Pinecone (Managed Production)
from pinecone import Pinecone, ServerlessSpec
pc = Pinecone(api_key="YOUR_KEY")
# Create serverless index
pc.create_index(
name="rag-docs",
dimension=1536,
metric="cosine",
spec=ServerlessSpec(cloud="aws", region="us-east-1")
)
index = pc.Index("rag-docs")
# Upsert vectors with metadata
index.upsert(vectors=[
{
"id": "doc1",
"values": embedding_vector, # List[float]
"metadata": {
"source": "auth.md",
"category": "security",
"token_count": 245,
"text": "Authentication uses JWT tokens..." # Store text in metadata
}
}
])
# Query with metadata filter
results = index.query(
vector=query_embedding,
top_k=5,
filter={
"category": {"$eq": "security"},
"token_count": {"$lte": 500}
},
include_metadata=True
)
for match in results.matches:
print(f"{match.id}: {match.score:.3f} - {match.metadata['text'][:80]}")

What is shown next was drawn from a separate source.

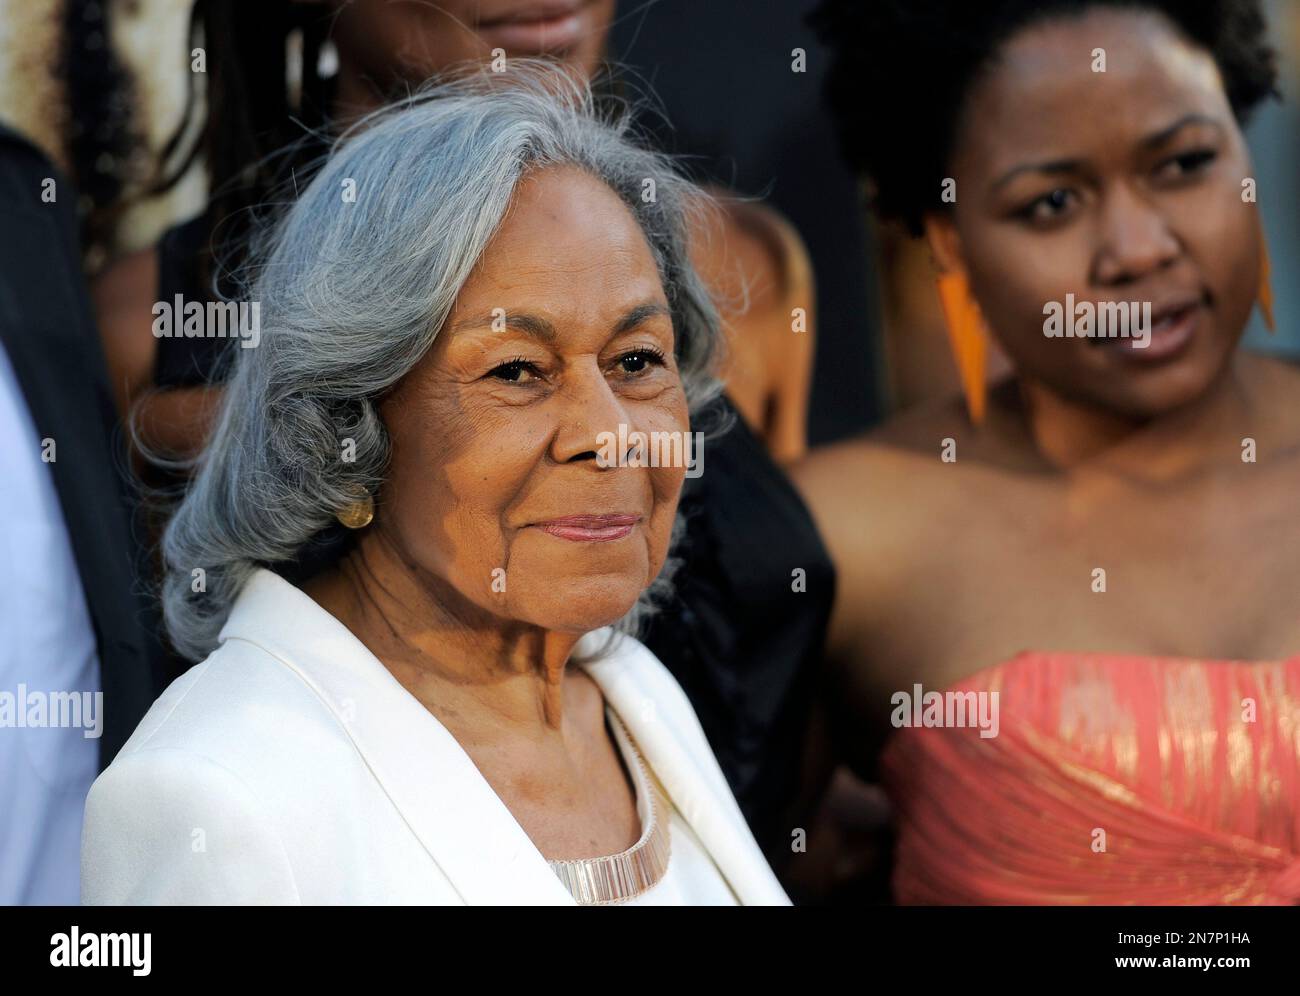 Rachel Robinson makes guest appearance at Dodger Stadium – Daily News

# Namespace isolation (multi-tenant)
index.upsert(vectors=[...], namespace="tenant-123")
results = index.query(vector=q, top_k=5, namespace="tenant-123")
Qdrant (Self-Hosted / Cloud)
from qdrant_client import QdrantClient
from qdrant_client.models import (
Distance, VectorParams, PointStruct,
Filter, FieldCondition, MatchValue, Range
)
# Local
client = QdrantClient(path="./qdrant_data")
# Cloud
# client = QdrantClient(url="https://xxx.qdrant.io", api_key="KEY")
# Create collection
client.create_collection(
collection_name="documents",
vectors_config=VectorParams(size=1536, distance=Distance.COSINE),
)
# Upsert with rich payload
client.upsert(
collection_name="documents",
points=[
PointStruct(
id=1,
vector=embedding_vector,
payload={
"text": "Authentication uses JWT tokens...",
"source": "auth.md",
"category": "security",
"tags": ["jwt", "auth", "tokens"],
"created_at": "2024-01-15",
}
)
]
)
# Query with nested filtering
results = client.search(
collection_name="documents",
query_vector=query_embedding,
limit=5,
query_filter=Filter(
must=[
FieldCondition(key="category", match=MatchValue(value="security")),
],
must_not=[
FieldCondition(key="tags", match=MatchValue(value="deprecated")),
]
),
)
# Hybrid search (sparse + dense)
from qdrant_client.models import SparseVectorParams, SparseVector, NamedVector
# Requires collection with named vectors configured for both dense and sparse
Weaviate
import weaviate
from weaviate.classes.init import Auth
client = weaviate.connect_to_weaviate_cloud(
cluster_url="https://xxx.weaviate.network",
auth_credentials=Auth.api_key("KEY"),
)
# Define collection (class)
from weaviate.classes.config import Configure, Property, DataType
collection = client.collections.create(
name="Document",
vectorizer_config=Configure.Vectorizer.text2vec_openai(),
properties=[
Property(name="text", data_type=DataType.TEXT),
Property(name="source", data_type=DataType.TEXT),
Property(name="category", data_type=DataType.TEXT),
]
)
# Add objects (auto-vectorized)
docs = client.collections.get("Document")
docs.data.insert({"text": "Auth uses JWT tokens.", "source": "auth.md", "category": "security"})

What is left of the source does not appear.